Revealed: Trump education cuts mean years of work – and millions of dollars – go to waste
"Staffers at US Department of Education say severe cuts in the name of efficiency are having the opposite effect: ‘You can’t even quantify the loss’

The education secretary, Linda McMahon, presented sweeping reductions at the US Department of Education as an efficiency drive, hailing firings and funding cuts as a “significant step toward restoring the greatness” of the country’s schools system.
Staff inside the department disagree.
The Trump administration has axed many research programs which have yet to be completed, according to workers, putting years of work – on which the federal government spent tens of millions of dollars – to waste.
Nearly 50% of staff at the US Department of Education was fired last week, with more than 1,300 employees given termination notices and nearly 600 workers taking voluntary resignation offers. Offices covering research, data and statistics were decimated.
A Department of Education employee who survived the cuts likened the experience to a funeral. “People were crying, breaking down at the human toll,” they told the Guardian. “These people are not bureaucratic bloat: they’re vital to helping improve educational outcomes for our nation’s children, and to ensuring states comply with the law.

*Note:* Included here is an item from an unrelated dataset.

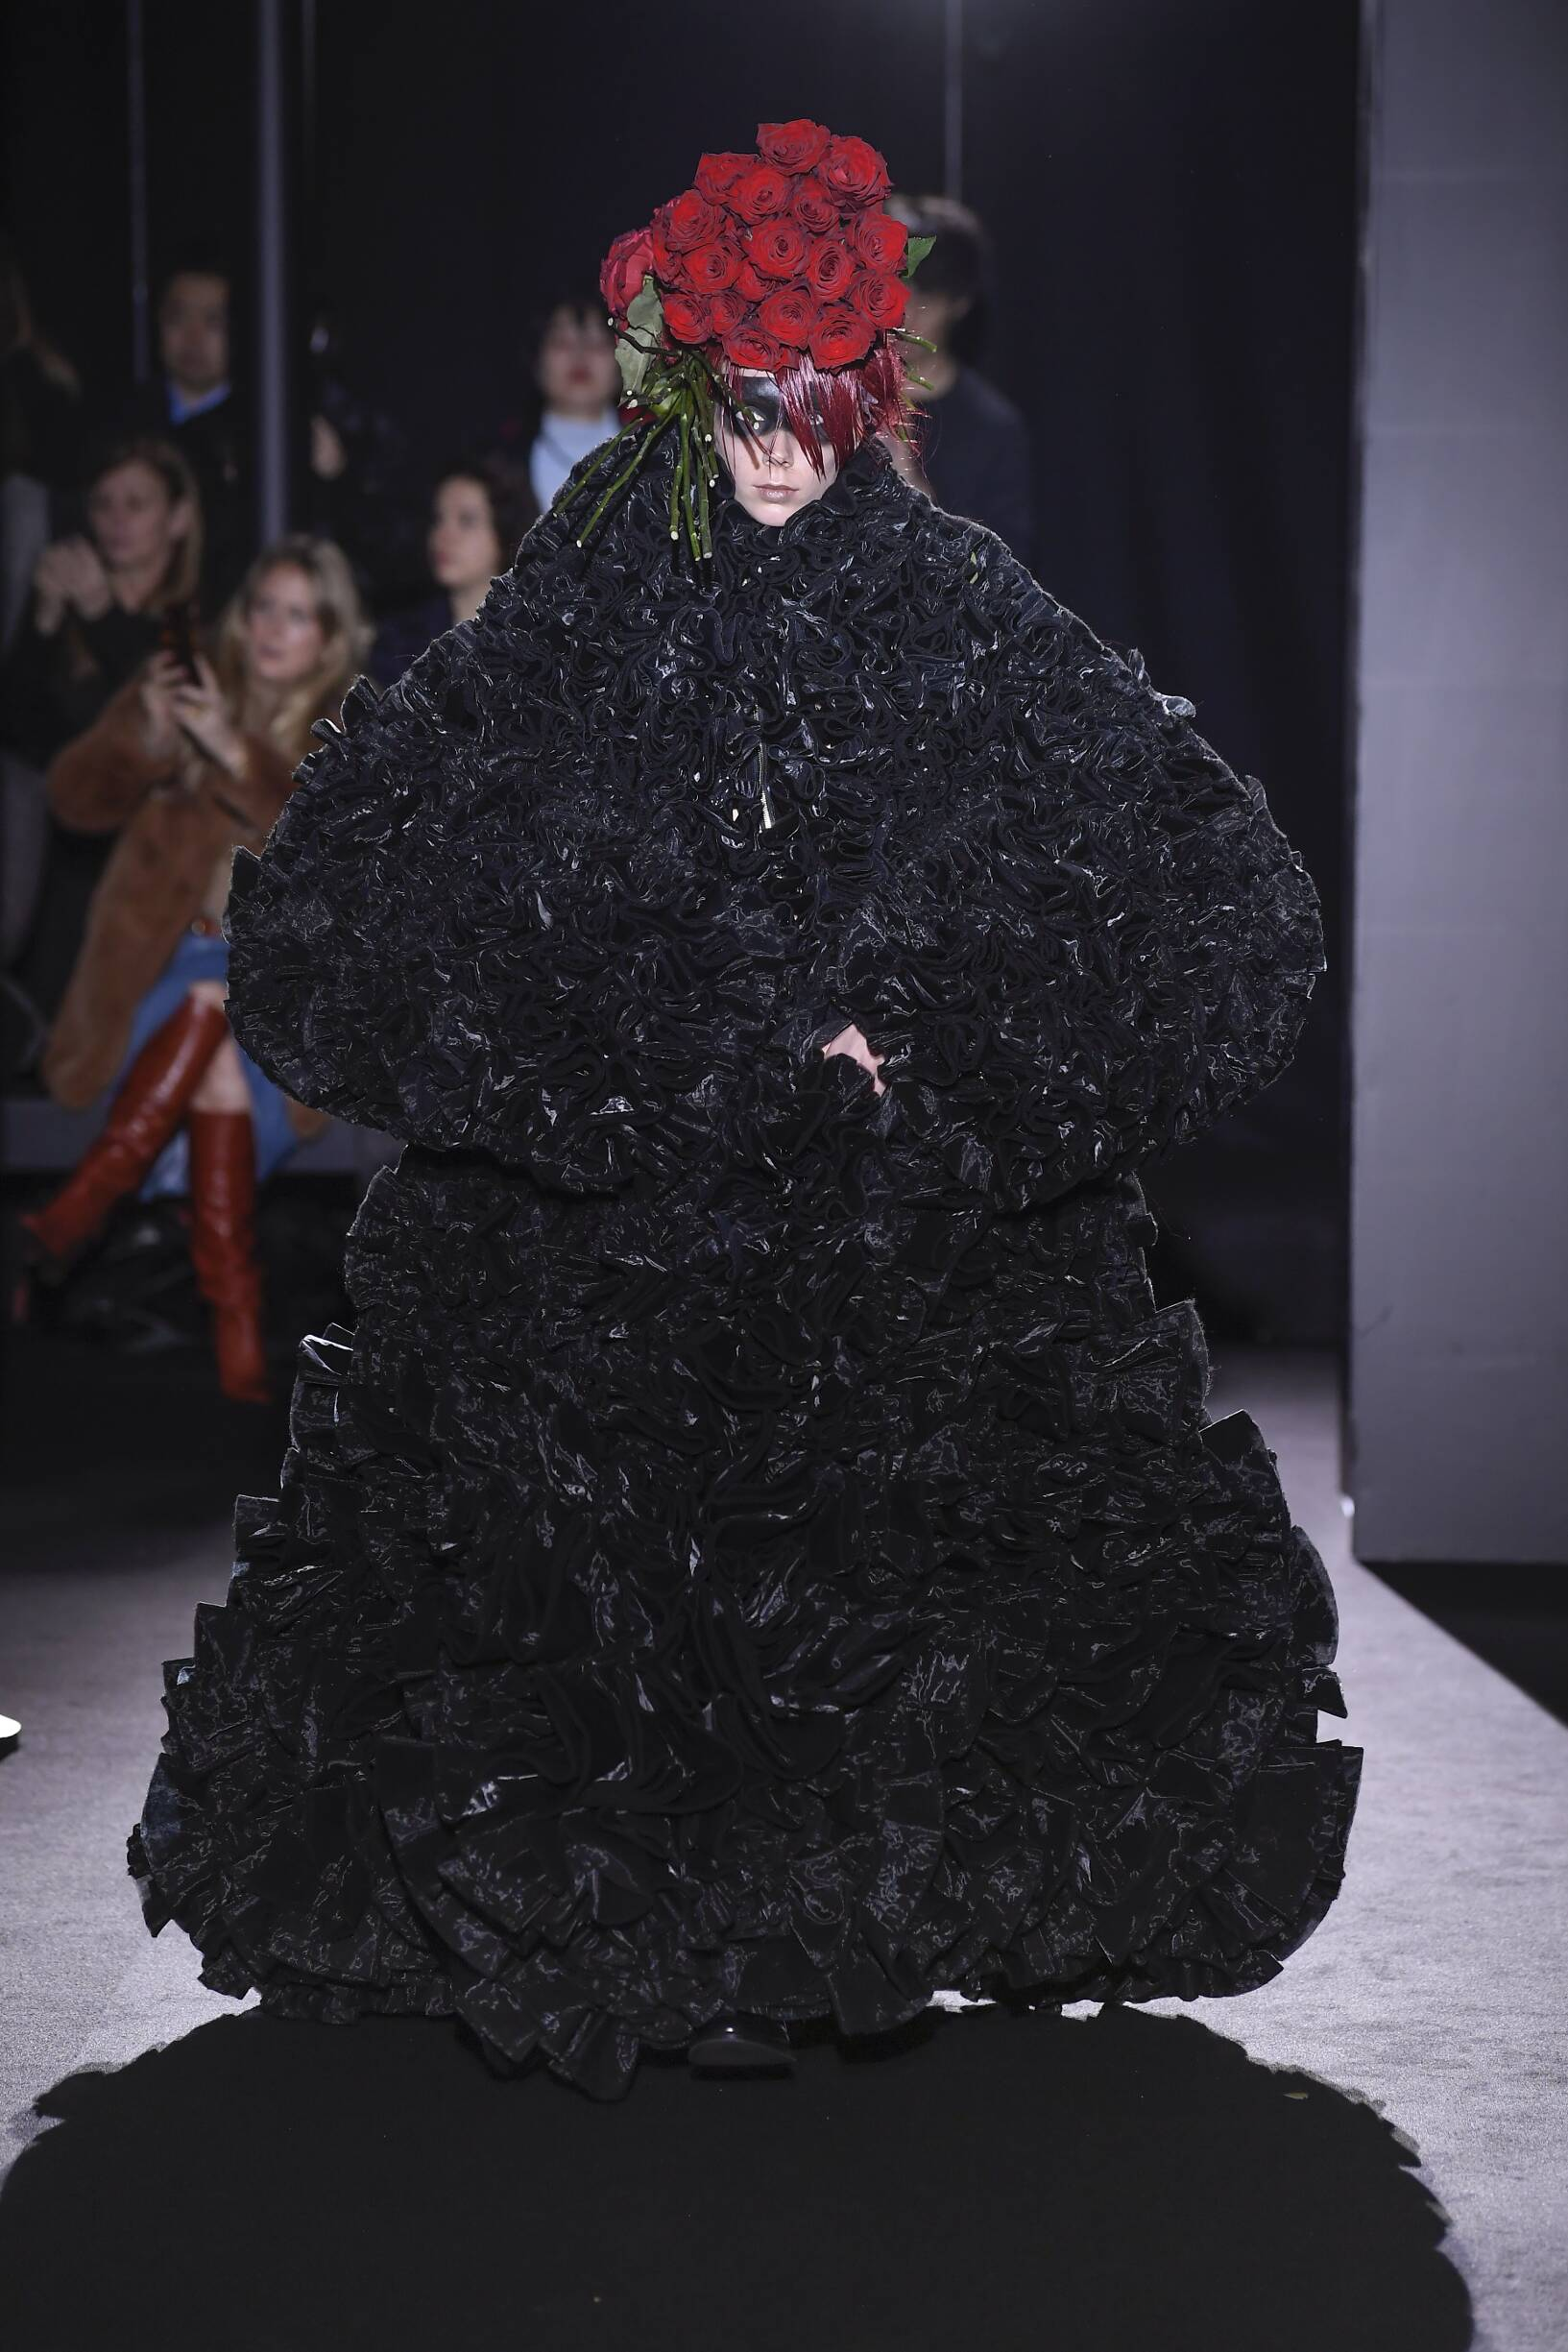 Catwalk Noir Kei Ninomiya Woman Fashion Show Winter 2019

It’s death by a thousand cuts.”
Staff were particularly concerned about the decision to halt research projects, years after they started, that were nearly complete.
Nearly all employees at the department’s Institute of Educational Sciences (IES) were fired, and more than 160 education research funding contracts and grants worth $900m were cancelled.
Many of the research projects were commissioned to take place over five years. “We were in year four, which means there was a lot of research that was almost done, but is now never going to see the light of day,” one fired IES employee said.
They cited one study into the early impact of a literacy program in Michigan. The outcome of the research will now not see the light of day.
Most of the money spent on such research will now “yield nothing for the taxpayers, nothing for schools, nothing for students,” the employee said. “You can’t even quantify the loss.”

They questioned McMahon’s claim that the sweeping cuts would restore the “greatness” of the US education system. “I don’t understand how you can do that when you cut an office where our only job was to figure out what’s working in classrooms, what’s not working, who’s it working for, and who’s it not working for?
“We have this roadmap for schools, we have all this information, and now we’re just taking it away and saying, figure it out.”
“These cancellations are going to have stopped research that was well on its way to helping us better understand how to improve outcomes for kids,” said Rachel Dinkes, president and CEO of Knowledge Alliance, a non-profit whose members are educational organizations. “It’s just been halted, stopped, and it doesn’t look like there’s any indication that it will get restarted.”
She cited proven success stories that relied on the kind of research being cancelled, including vast improvements in literacy in Mississippi.
“When states use evidence-based practices, student achievements improve,” Dinkes added. “I think we’re unwinding, hampering and putting speed bumps into achieving those goals.”
Joshua Stewart, an education researcher for a federal contractor since 2012, was working on research for the education department’s regional educational laboratories. Last week, he said they had to inform school districts and teachers they were working with that – midway through their work – it had been abruptly halted.
“We had to send them a series of notes saying we’ve been thankful to be your partners on these projects that are intended to improve outcomes for students and teachers, but we have to stop right away. We can’t even leave you with anything, we just have to stop,” Stewart said. “I have a hard time believing that it’s going to have any positive impact on students, teachers and families.”
A federal judge in Maryland has since ordered a temporary halt to the reduction in force firings at the Department of Education and other agencies. The Trump administration has appealed.
Attorneys general from 20 states and the District of Columbia also filed a lawsuit last week over the Trump administration’s attempt to dismantle the agency.
Contacted for comment, a spokesperson for the Department of Education referred the Guardian to the press release on the cuts, which claimed that it would continue to deliver “on all statutory programs” under the agency’s purview.
Education outcomes in reading and math in the US had been gradually increasing since the education department’s creation in 1979, up until Covid-19 shutdowns caused significant disruption. Trump has made clear he wants to close the department."